Таким образом, в предстоявшей схватке
между буржуазией и пролетариатом все преимущества, все решающие позиции, все
средние слои общества были в руках буржуазии. А в это самое время волны
февральской революции высоко вздымались над континентом, каждая очередная почта
приносила все новые революционные вести, то из Италии, то из Германии, то с
крайнего юго-востока Европы и поддерживала всеобщее упоение народа, непрерывно
принося ему новые доказательства победы, плоды которой уже ускользали из его
рук.
17 марта и 16 апреля были первыми стычками в
великой классовой борьбе, которая скрывалась под покровом буржуазной
республики.
17 марта обнаружилось двусмысленное положение
пролетариата, не допускавшее никаких решительных действий. Первоначальной целью
его демонстрации было вернуть временное правительство на путь революции,
заставить его в случае надобности исключить из своей среды буржуазных членов и
отложить день выборов в Национальное собрание и в национальную гвардию. Но 16
марта буржуазия, представленная в национальной гвардии, устроила демонстрацию
против временного правительства. С криками: «à bas Ledru-Rollin!» {«долой
Ледрю-Роллена!»} она двинулась
к ратуше. Это заставило народ кричать 17 марта: «Да здравствует Ледрю-Роллен!
Да здравствует временное правительство!» Чтобы дать отпор буржуазии, ему
пришлось вступиться за буржуазную республику, которая казалась ему в опасности.

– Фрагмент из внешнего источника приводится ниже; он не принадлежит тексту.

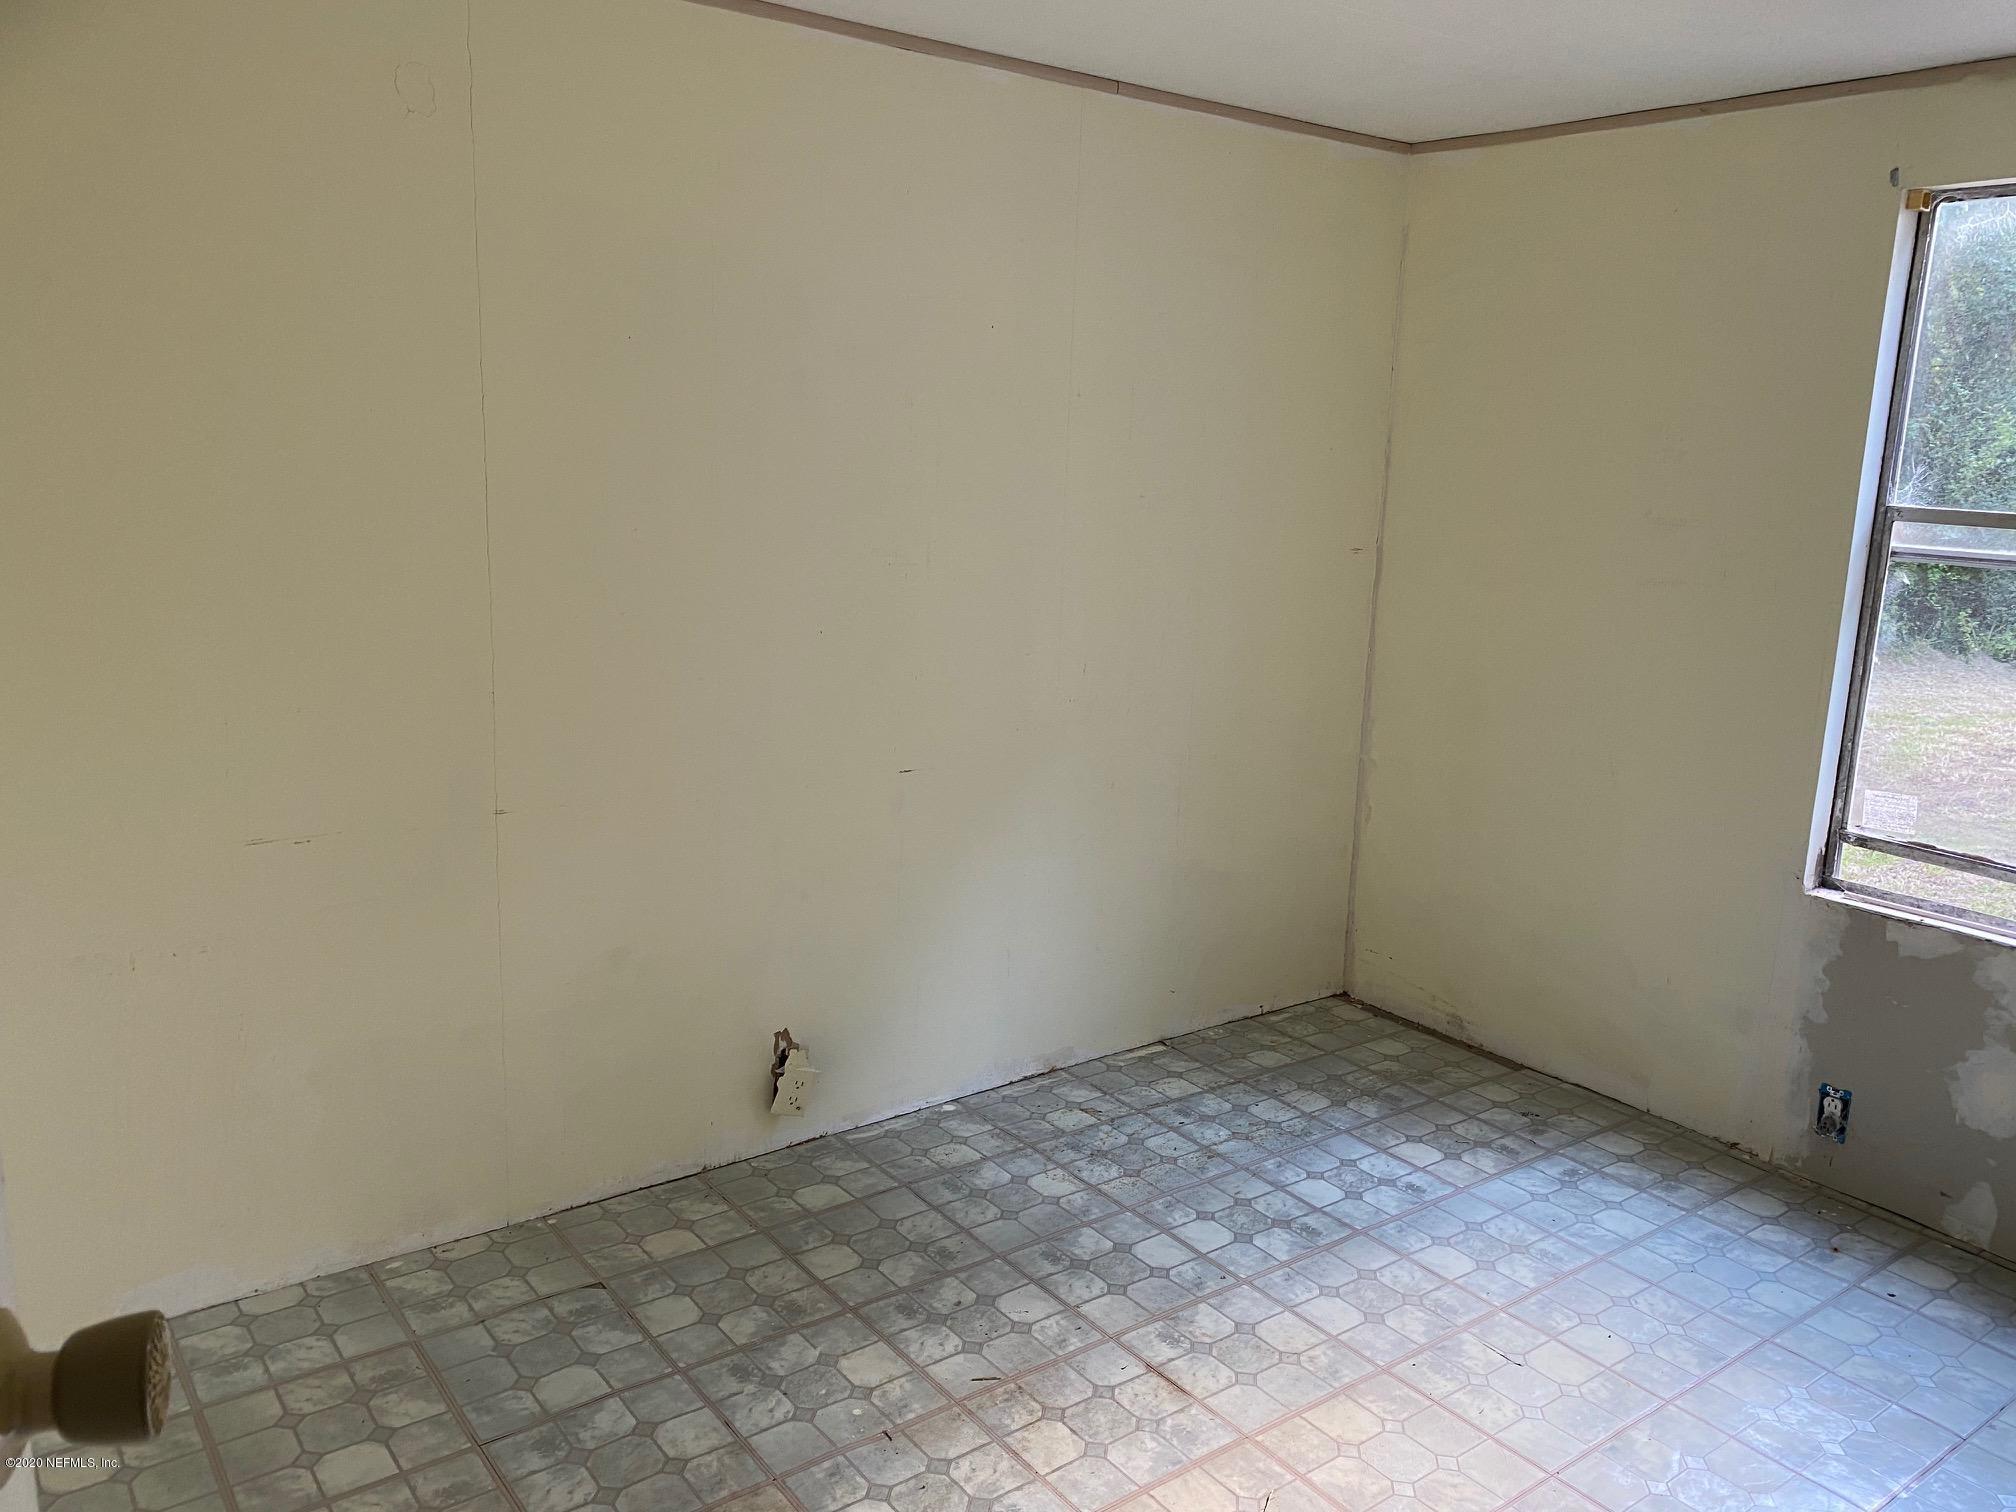 54143 JEANNIE, CALLAHAN, FLORIDA 32011, 3 Bedrooms Bedrooms, ,2 BathroomsBathrooms,Residential,For sale,JEANNIE,1059883
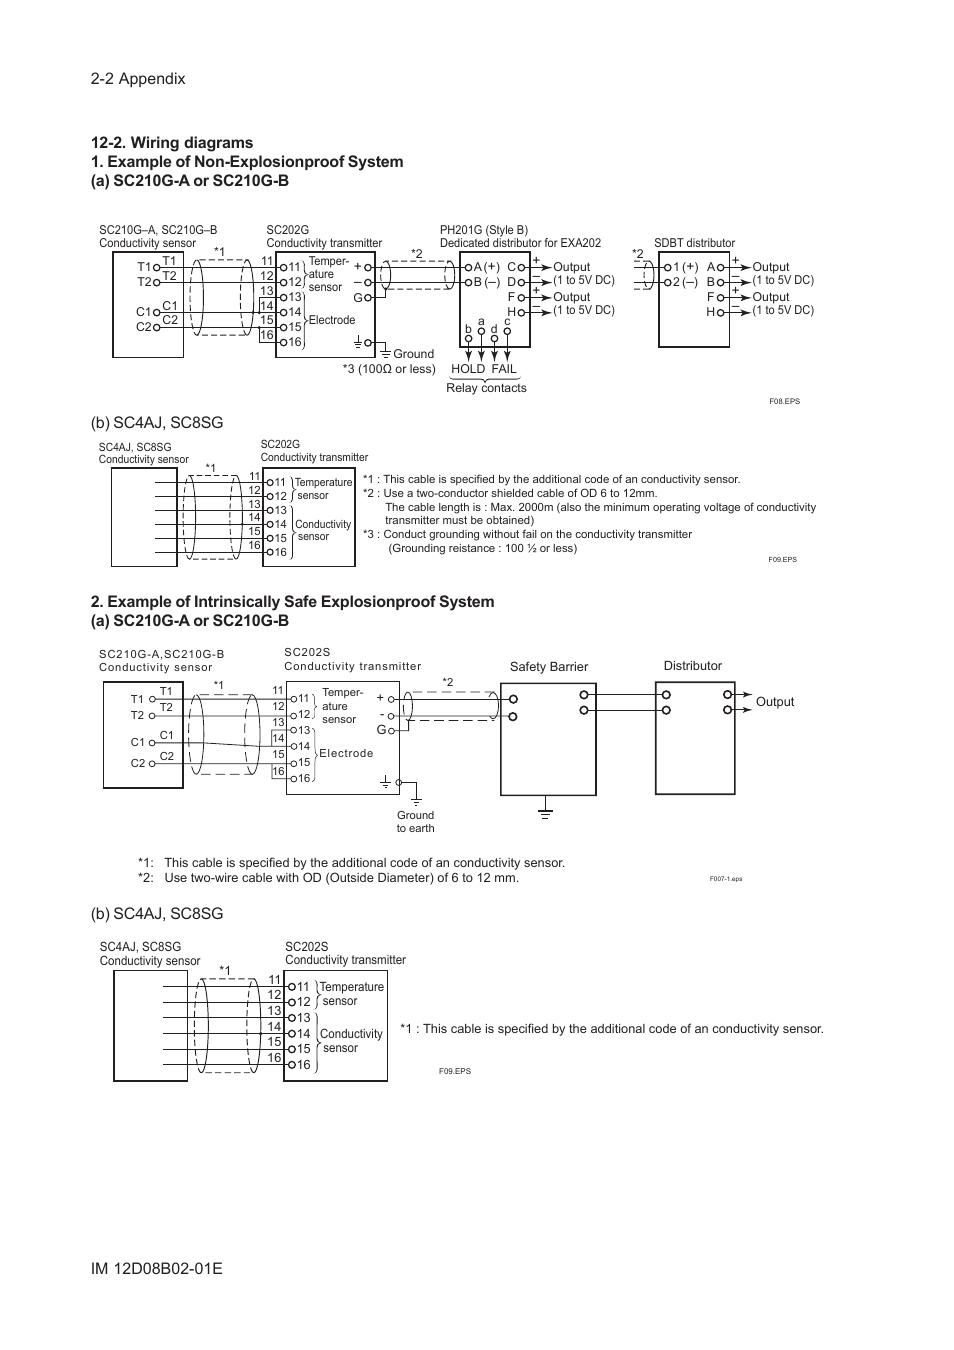 medium resolution of 2 wiring diagrams example of non explosionproof system b sc4aj sc8sg yokogawa exa sc202 2 wire conductivity transmitter analyzer user manual page

Он укрепил положение временного правительства, вместо того чтобы подчинить его
себе. 17 марта разрешилось мелодраматической сценой. Правда, в этот день парижский
пролетариат еще раз показал свою исполинскую мощь, но это лишь укрепило
буржуазию — внутри временного правительства и вне его — в решении сломить
пролетариат.
16 апреля было недоразумением, созданным
временным правительством заодно с буржуазией. На Марсовом поле и на ипподроме
собрались в большом числе рабочие, чтобы обсудить предстоящие выборы в
генеральный штаб национальной гвардии. Вдруг с быстротой молнии по всему Парижу
из конца в конец распространяется слух, будто на Марсовом поле под предводительством
Луи Блана, Бланки, Кабе и Распайля собрались вооруженные рабочие с намерением
двинуться оттуда на ратушу, свергнуть временное правительство и провозгласить
коммунистическое правительство. Бьют всеобщий сбор, — впоследствии
Ледрю-Роллен, Марраст и Ламартин оспаривали друг у друга честь этой инициативы,
— и через час 100000 человек стоят под ружьем, все подступы к ратуше заняты национальной
гвардией, по всему Парижу гремит крик: «Долой коммунистов! Долой Луи Блана,
Бланки, Распайля и Кабе!». К временному правительству являются с выражением
преданности бесчисленные депутации, готовые спасать отечество и общество. Когда
же, наконец, рабочие появляются перед ратушей, чтобы вручить временному
правительству сумму, полученную от патриотического денежного сбора, устроенного
на Марсовом поле, они, к своему удивлению, узнают, что буржуазный Париж только
что одержал в фиктивной борьбе, обставленной величайшими предосторожностями,
победу над их тенью. Ужасное покушение 16 апреля послужило предлогом для возвращения
армии в Париж, — что, собственно, и было целью всей этой грубой комедии, —
и для реакционных федералистских демонстраций в провинции.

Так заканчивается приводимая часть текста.